Advice already stated is good. I shoot a ton of birds and find that 1/1600s is about as slow as I can shoot and get more sharp than not. Additionally I always use AF-C Dynamic Area AF (usually 153pt for birds in flight with the D500 - you should use 51). This gives you a single point which you can use to focus lock after which the object focused on can move through the frame and remain in focus. Single point AF is useless for a moving subject and almost certainly contributed to your issue.
 

hark

Administrator
Staff member
Super Mod
Contributor
I downloaded your image but still don't see any EXIF. What is your shutter speed and aperture? And did you use AF-C with release?

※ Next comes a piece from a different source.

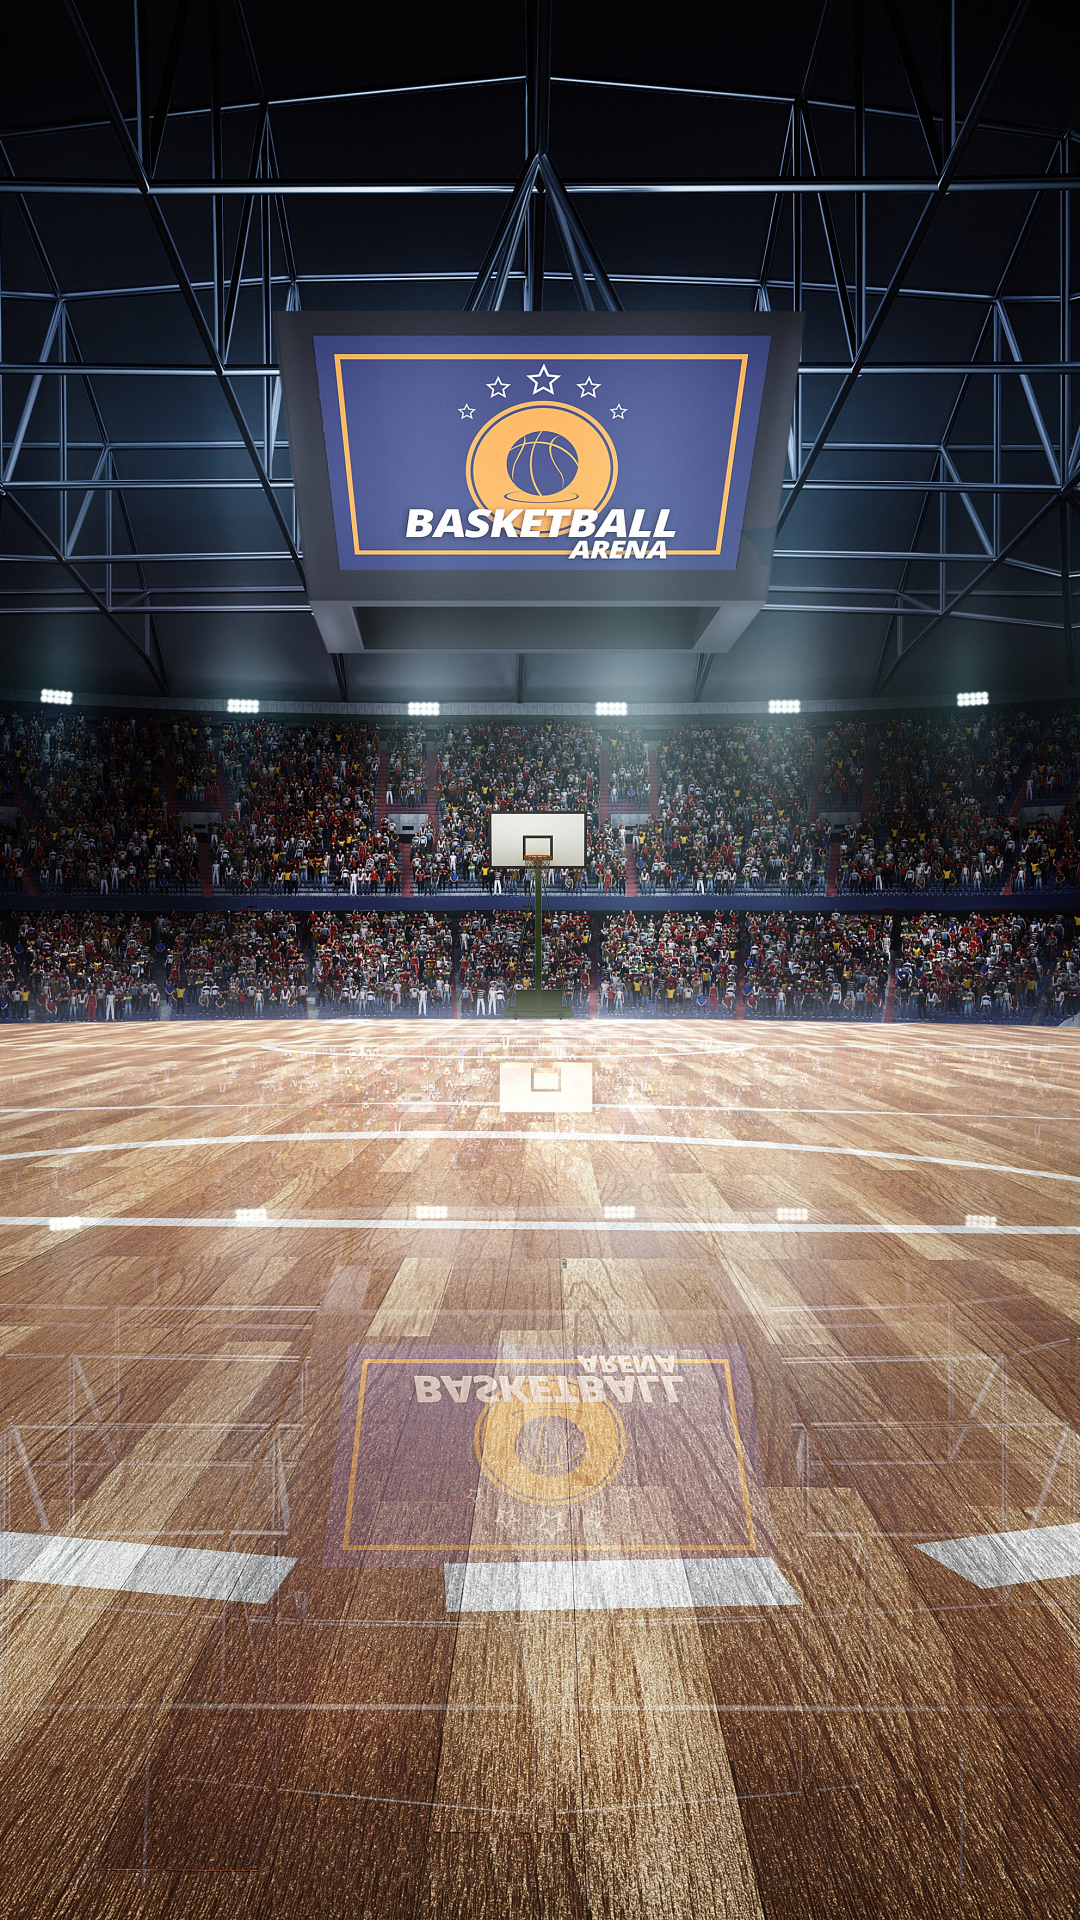 Descarga gratuita de fondo de pantalla para móvil de Baloncesto, Deporte.
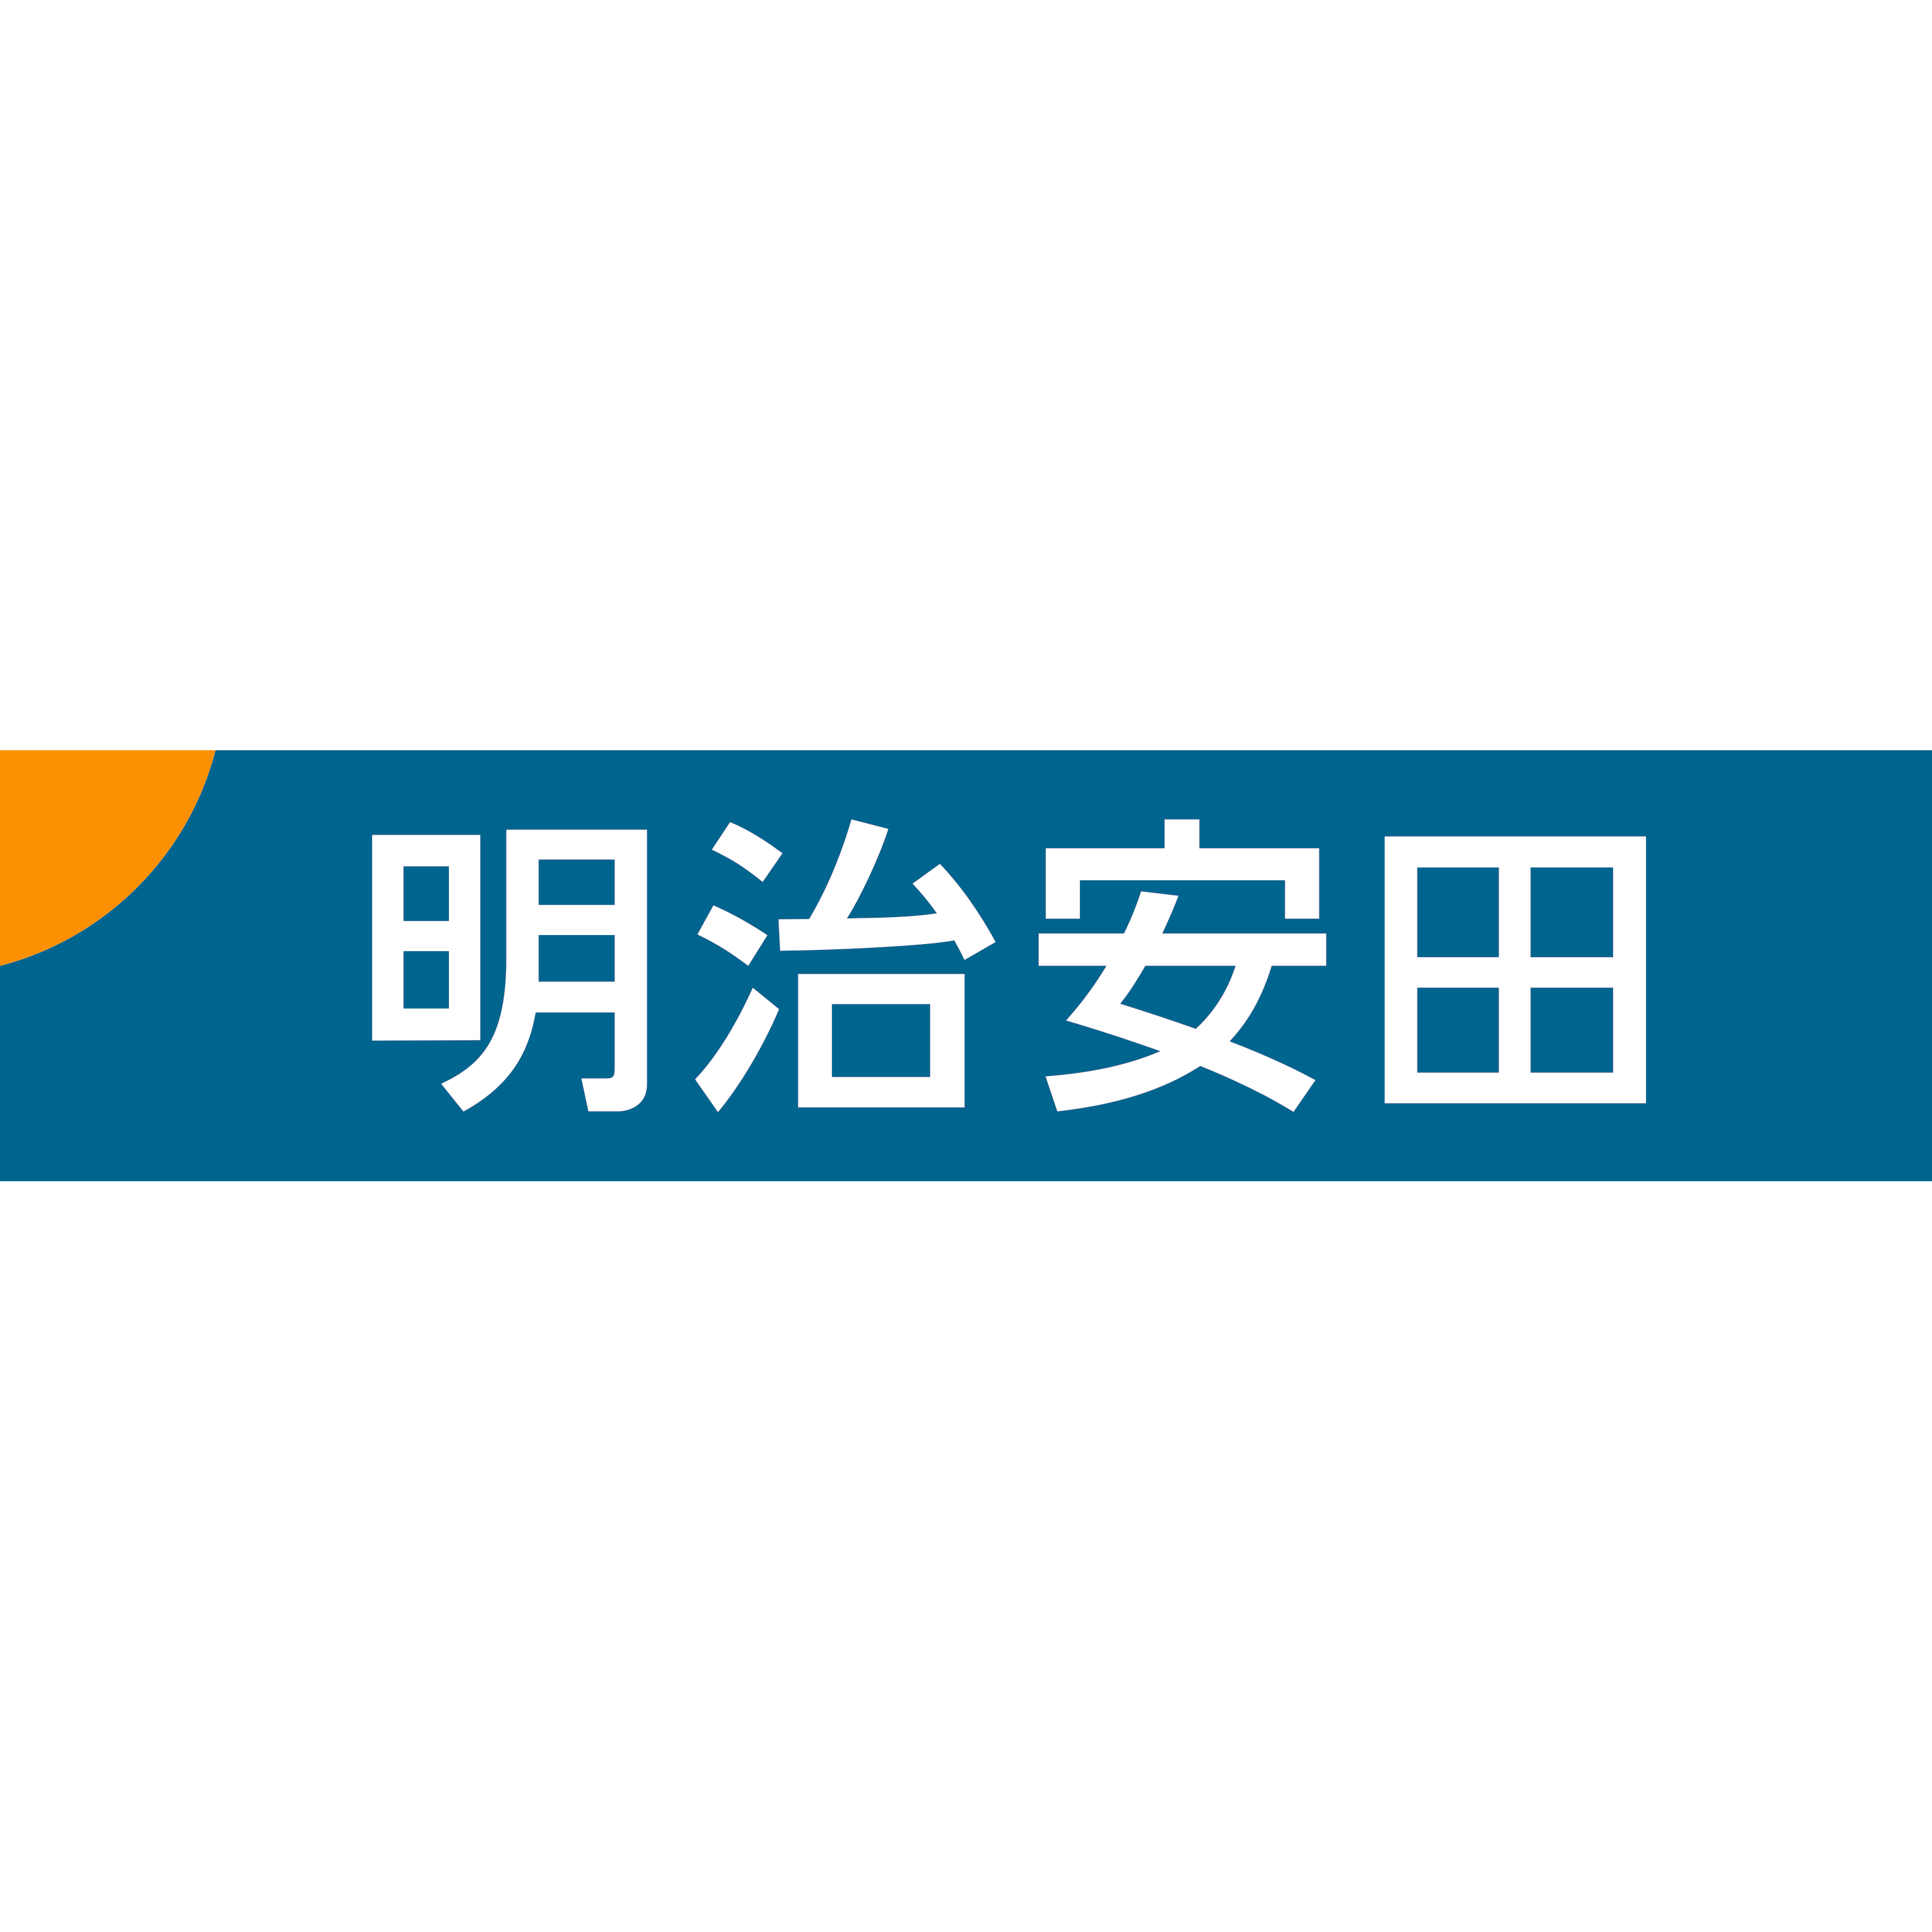 Meiji Yasuda Life Logo Transparent Picture

I use a D7200 with a 300mm lens and a 1.4x teleconverter. The FX equivalent focal length is 630mm. It simply isn't long enough, but I try to crop when I can.
 

Rick M

Senior Member
As funny as it may seem, I had great success using C-AF facial recognition on wildlife with my previous system, nailed most of my shots of eagles and owls in flight. As soon as I get a long lens, I cant wait to try it with the Z7. I'd find some common targets like seagulls to practice on with the suggestions everyone has made.
 

Smcooper461

Senior Member
Thanks everybody for the advice. I guess I will give back-buttton a try, I just anyways thought half pressing the shutter was simpler. I apologize for the no EXIF, that wasn't intentional. 1/4000,F5.6, 800. 500mm AF-C single point. If I remember correctly? Lol. I just can't believe how out of focus this shot is and some others I've taken. I mean it's very possible that I truly just suck at this lol. I mean that shot I posted, he's not even that far away. Probably 60 or 70 feet directly above just soaring, not flying real fast. Seems to me should be pretty simple shot.
 

BackdoorArts

Senior Member
I'd also add that you're shooting wide open at the long end of a zoom and if there's anywhere it's going to be soft it's there. Stop down to f8 or f9 and it might just sharpen up for you.